2009-09-15

研究棟の壁から遺体 イェール大大学院の女子学生か 米国


米コネティカット州ニューヘイブンにある名門イェール大学で、結婚を間近に控えた大学院生、アニー・リーさん(24)が行方不明となる事件があり、警察当局は13日、キャンパス内の研究棟の壁に埋め込まれたリーさんとみられる遺体を発見した。大学内部の犯行との見方が強まっている。

米CNNテレビ(電子版)などによると、リーさんは8日、大学院の校舎近くで目撃されたのを最後に消息を絶っていた。本人の携帯電話やクレジットカード、鍵などは研究室に残されたままとなっていた。

警察当局は、リーさんが学内で何らかの事件に巻き込まれた可能性が高いとみて、防犯カメラの映像を分析したり、警察犬を使って捜索。13日になって、リーさんの研究室がある研究棟の地下室から壁に埋め込まれた遺体が、別の部屋の天井部分から血のついた衣服が、それぞれ見つかった。
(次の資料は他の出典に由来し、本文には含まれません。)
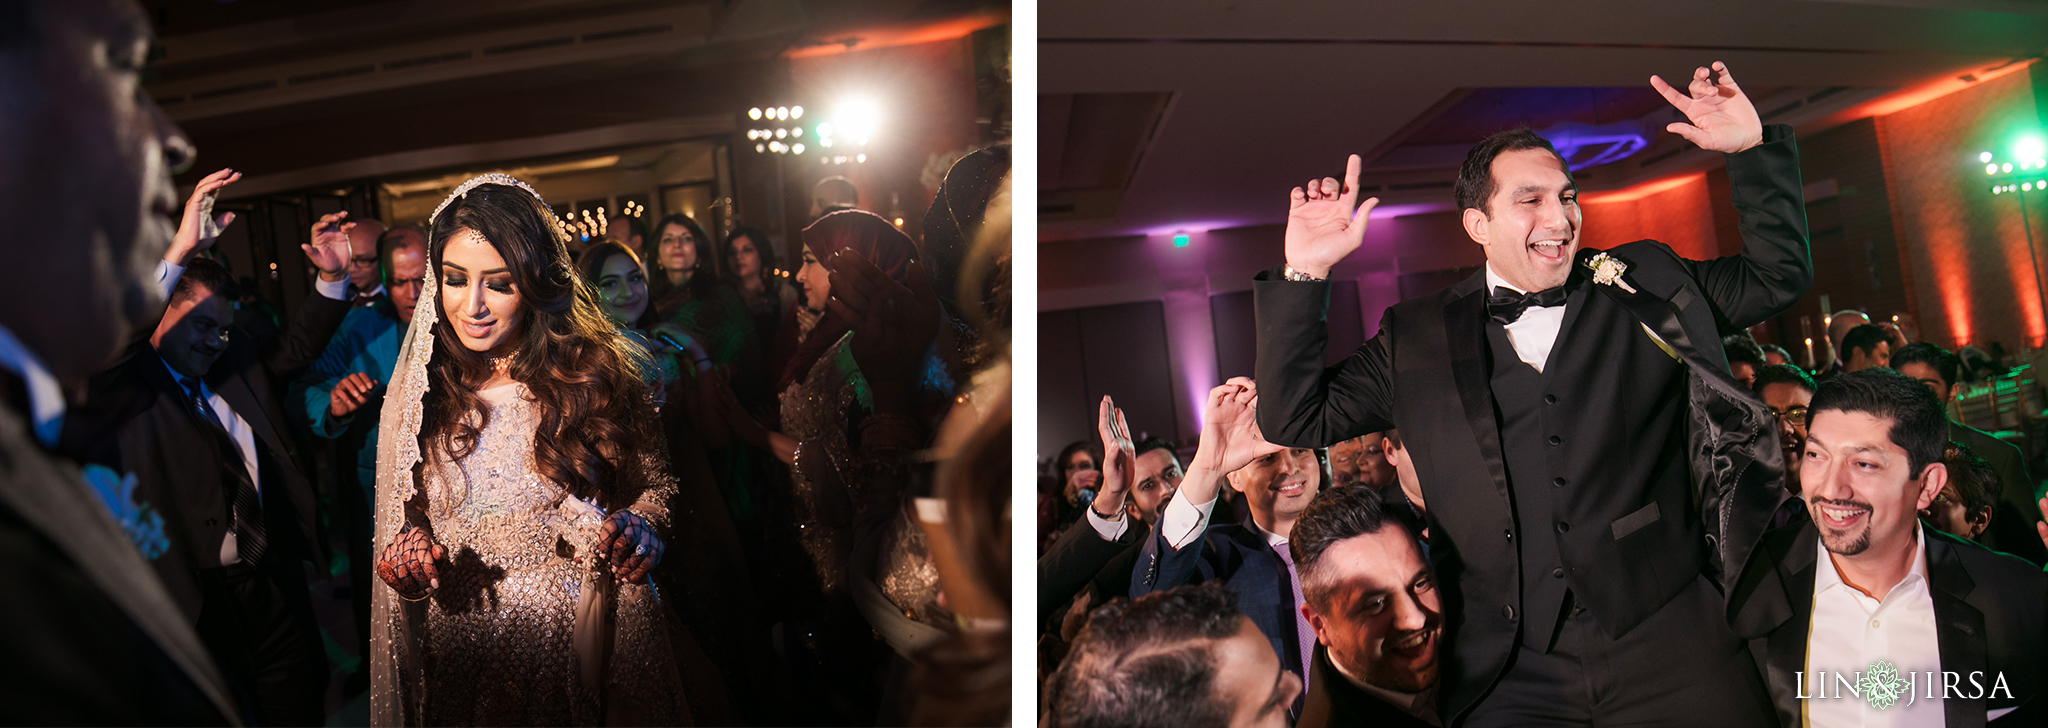 40 pasea hotel spa huntington beach pakistani muslim wedding photography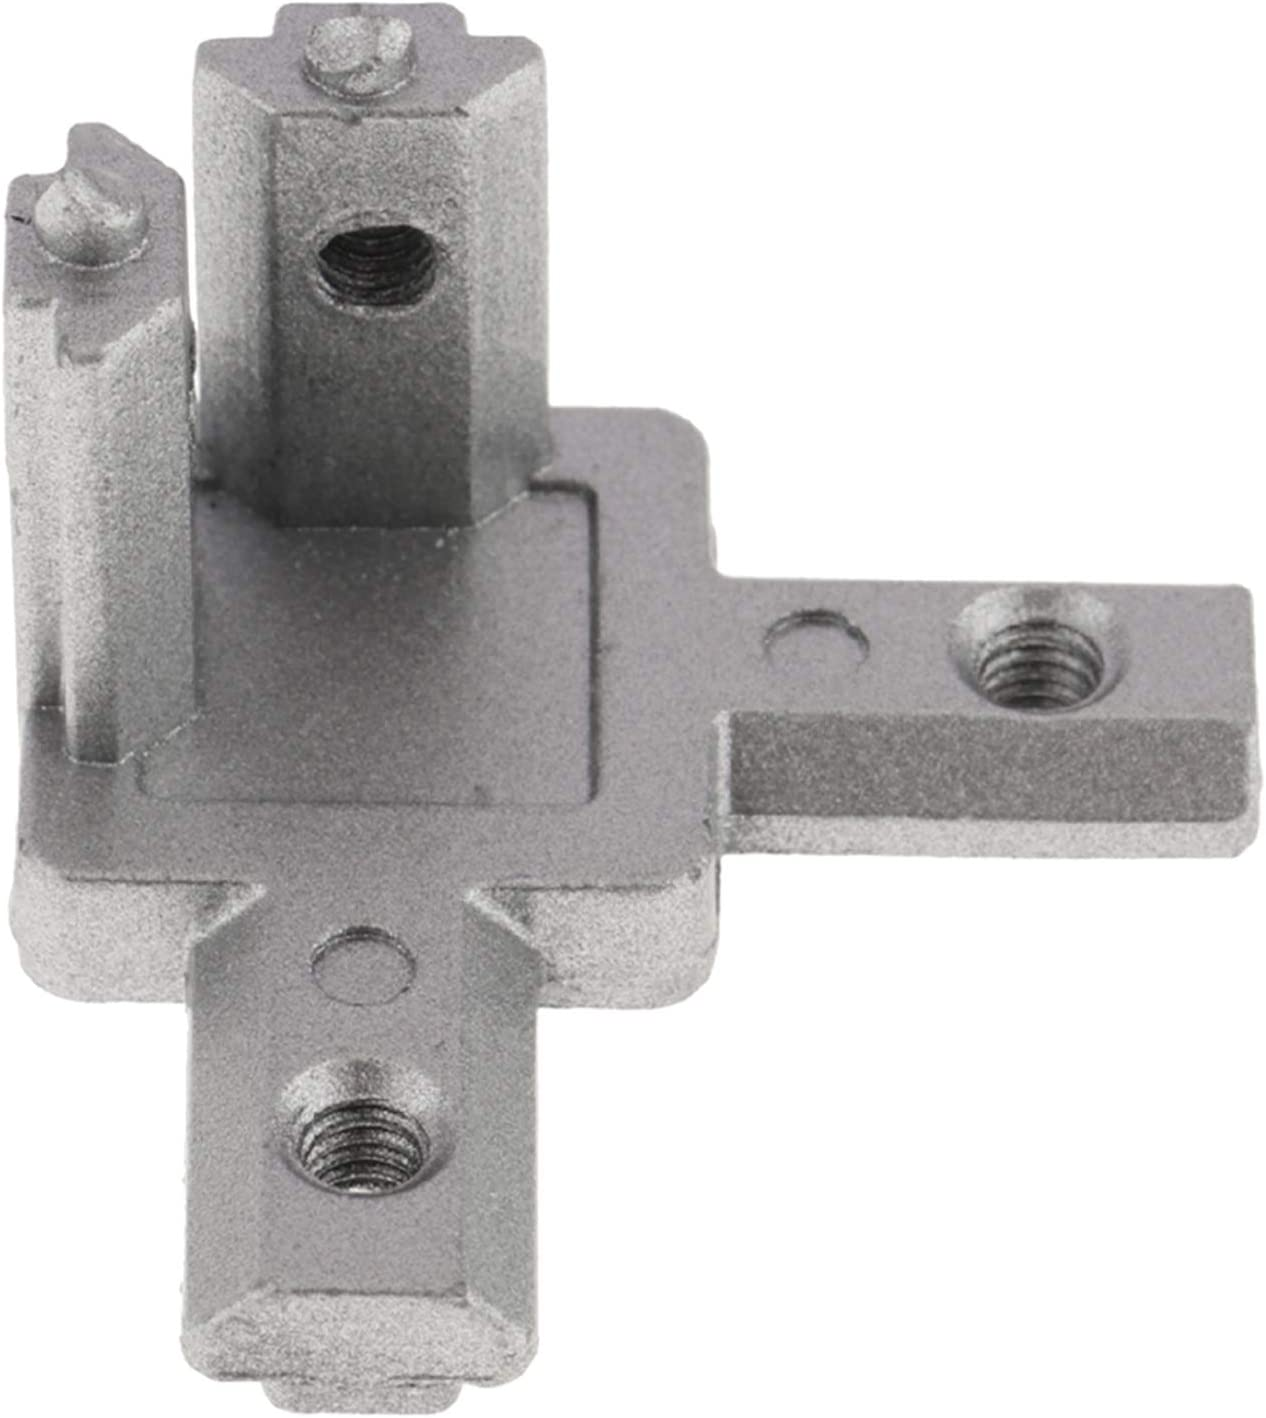 Milageto L 3 Pole 90 Degree Inner Corner Connector for Aluminum T Slot Profile 2020 EU

研究棟に入るには特別なIDカードが必要なことや、地下室が分かりにくい構造であることから、内部の事情に詳しい人物の犯行との見方が強まっている。

リーさんは、大学時代に知り合ったコロンビア大大学院生の婚約者と13日に結婚式を挙げる予定だった。大学院では薬学を専攻し、友人らからは「活発な性格の努力家」と慕われており、挙式を非常に楽しみにしていたという。

米国は今月、新学年を迎えたばかり。米メディアは、米国を代表する名門大学での凄惨な事件を連日、大きく取り上げている。

AP通信によると、キャンパスでは犯人が捕まっていないことへの恐怖が広がり、「もう夜に1人で学内を歩くこともできない」と話す学生もいるという。